## [GOAL OF THE EXERCISE]
Repeat verbatim what the listing holds, but not its pictures.

━━ INFORMATION PROVIDED ━━

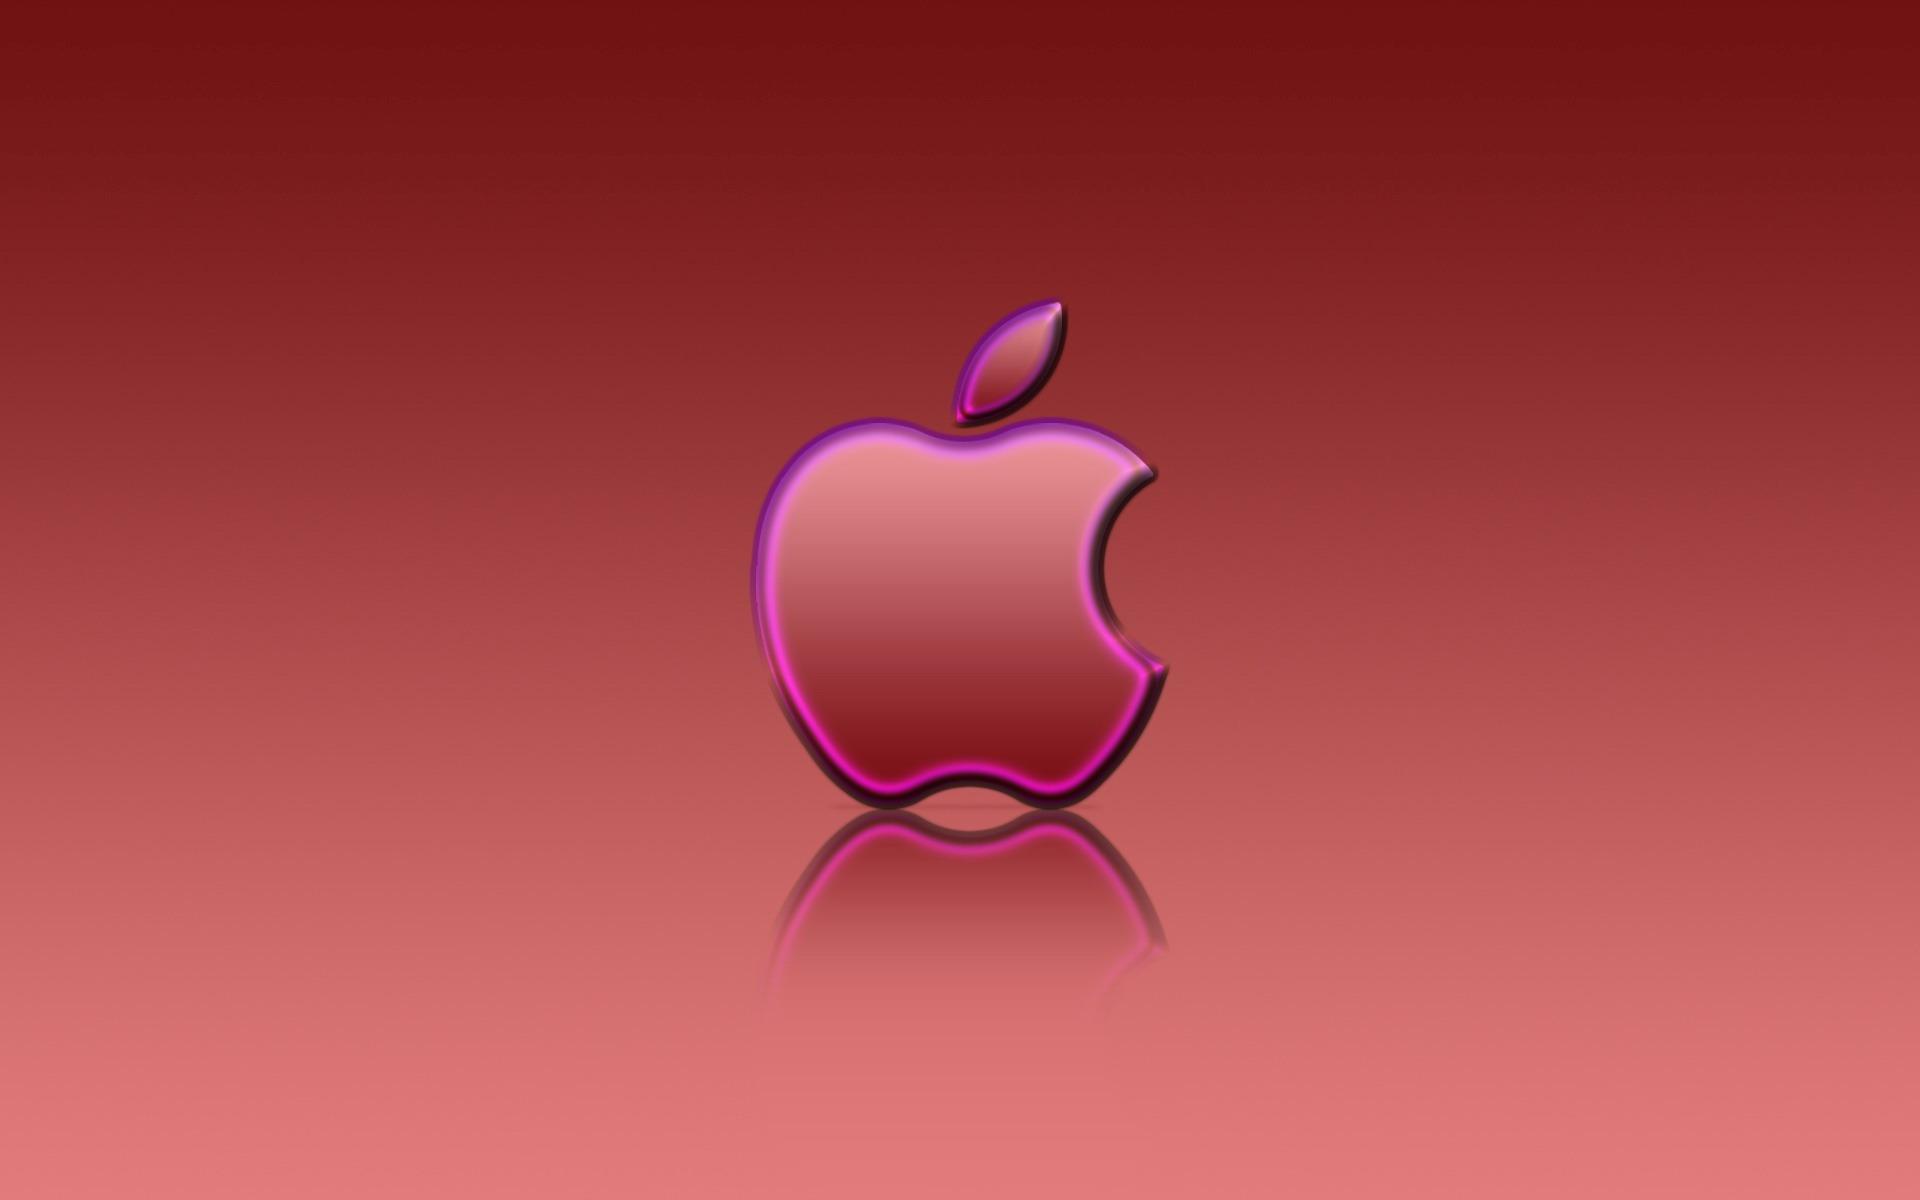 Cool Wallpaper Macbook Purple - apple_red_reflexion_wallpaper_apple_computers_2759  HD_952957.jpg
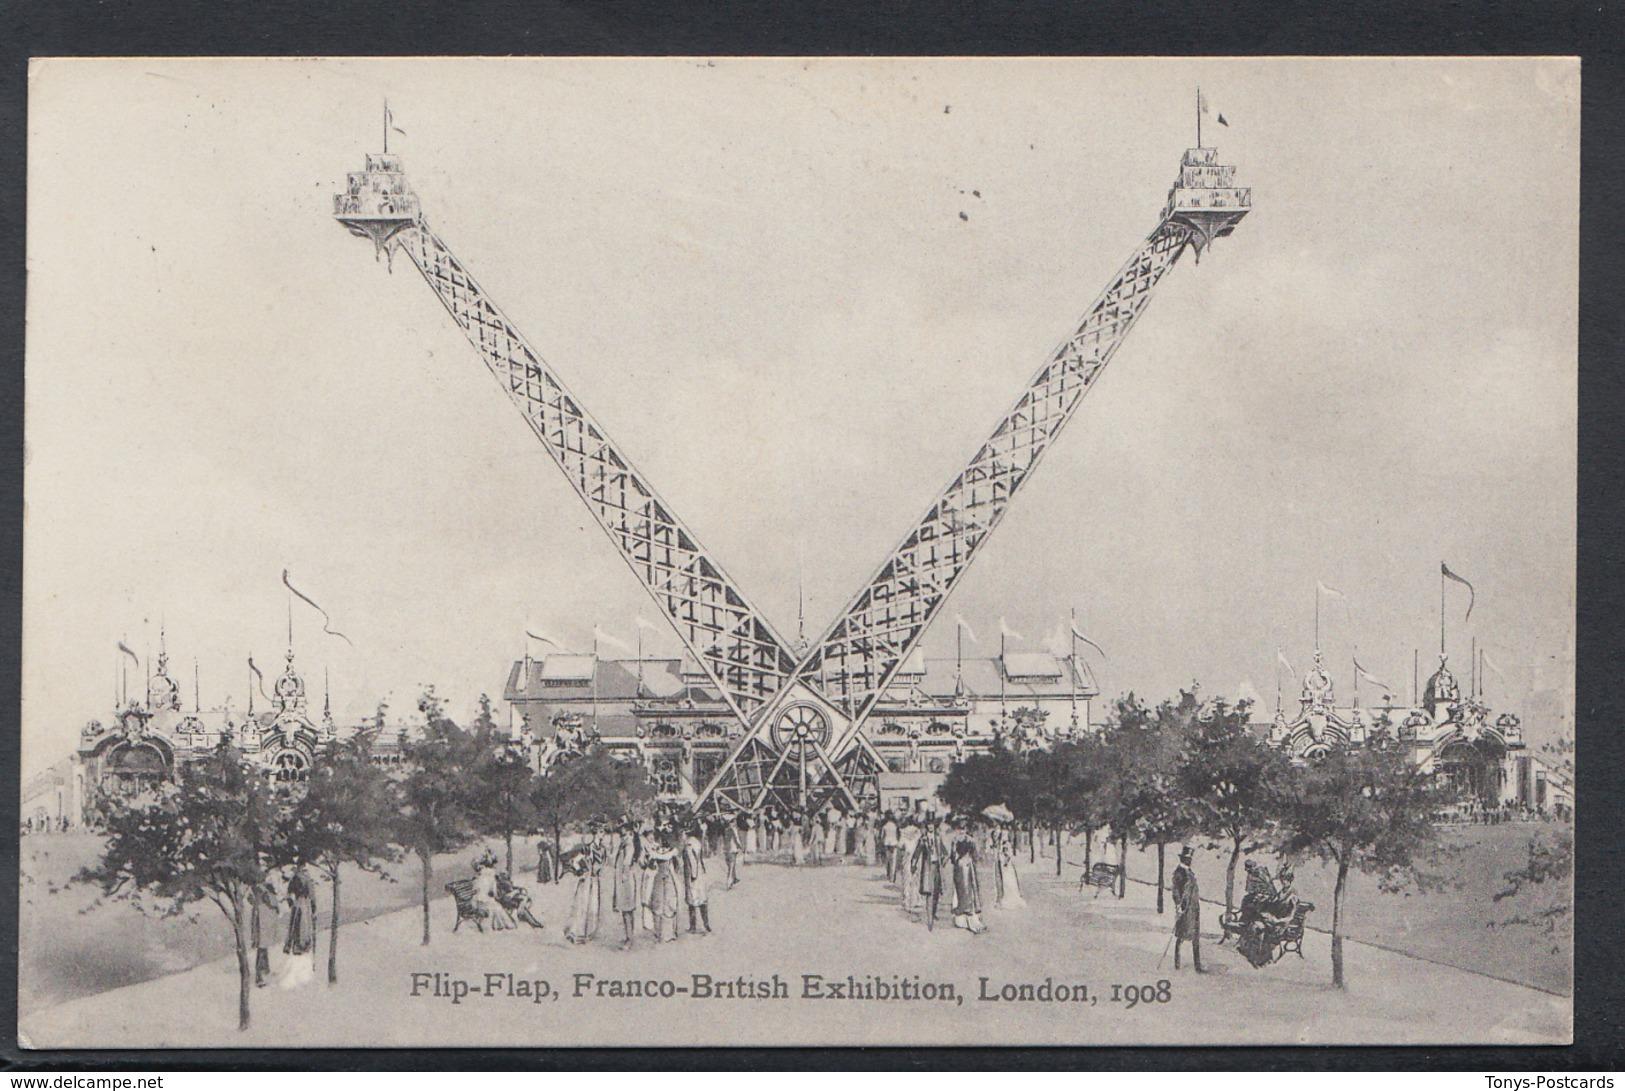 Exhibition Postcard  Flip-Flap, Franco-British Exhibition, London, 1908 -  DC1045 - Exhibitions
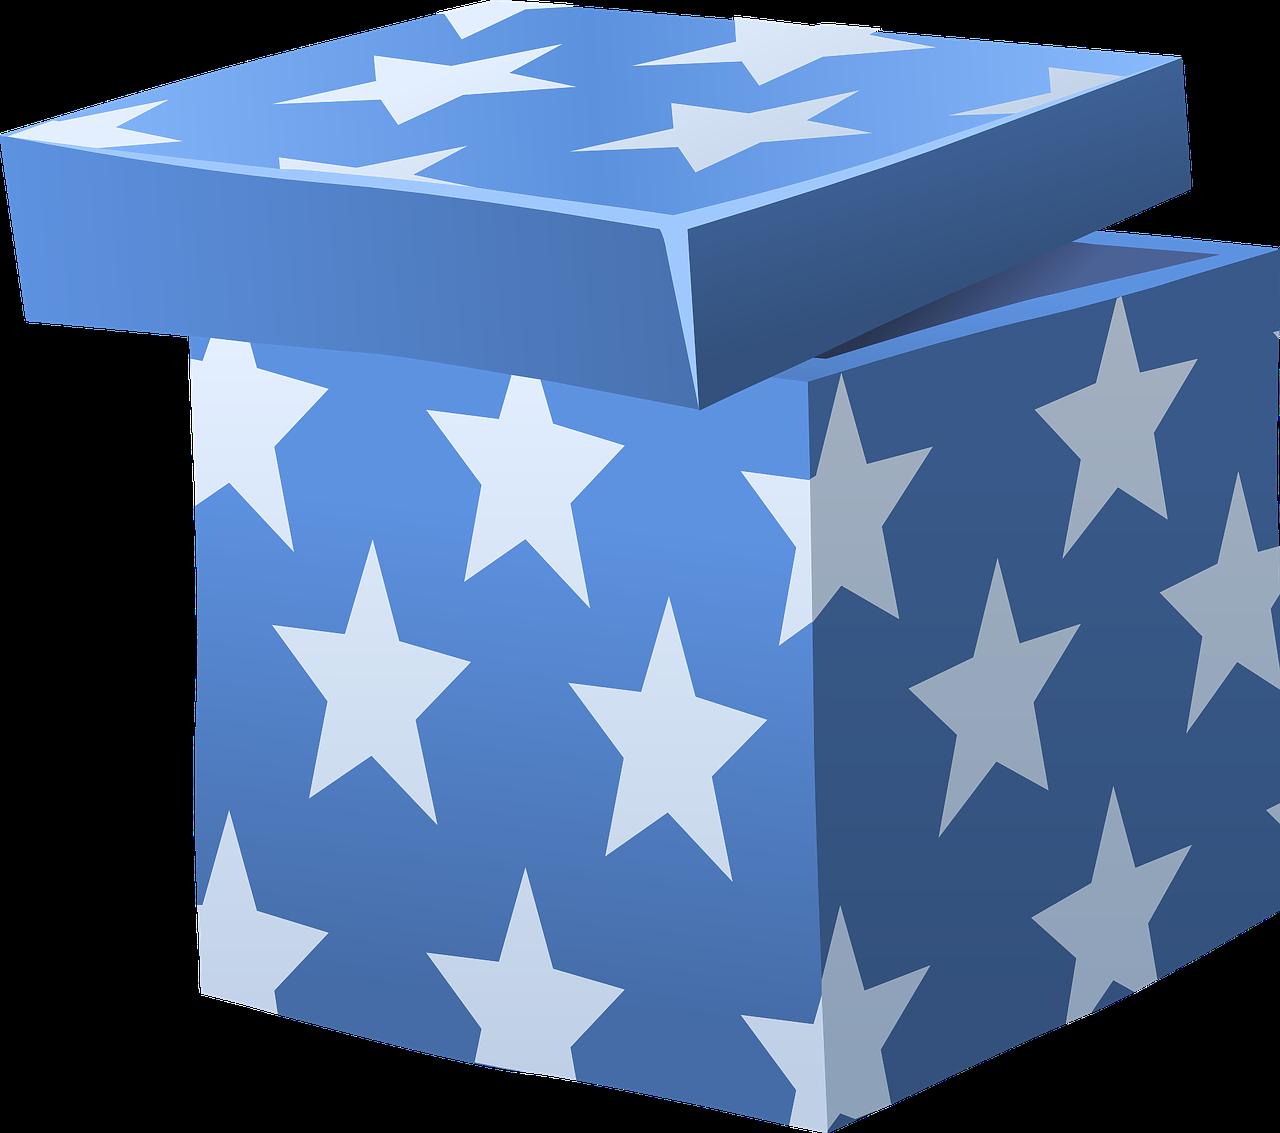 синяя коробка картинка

━━━

## [WRITTEN RESPONSE]
 Cool Wallpaper Macbook Purple - apple_red_reflexion_wallpaper_apple_computers_2759  HD_952957.jpg
 Exhibition Postcard  Flip-Flap, Franco-British Exhibition, London, 1908 -  DC1045 - Exhibitions
 синяя коробка картинка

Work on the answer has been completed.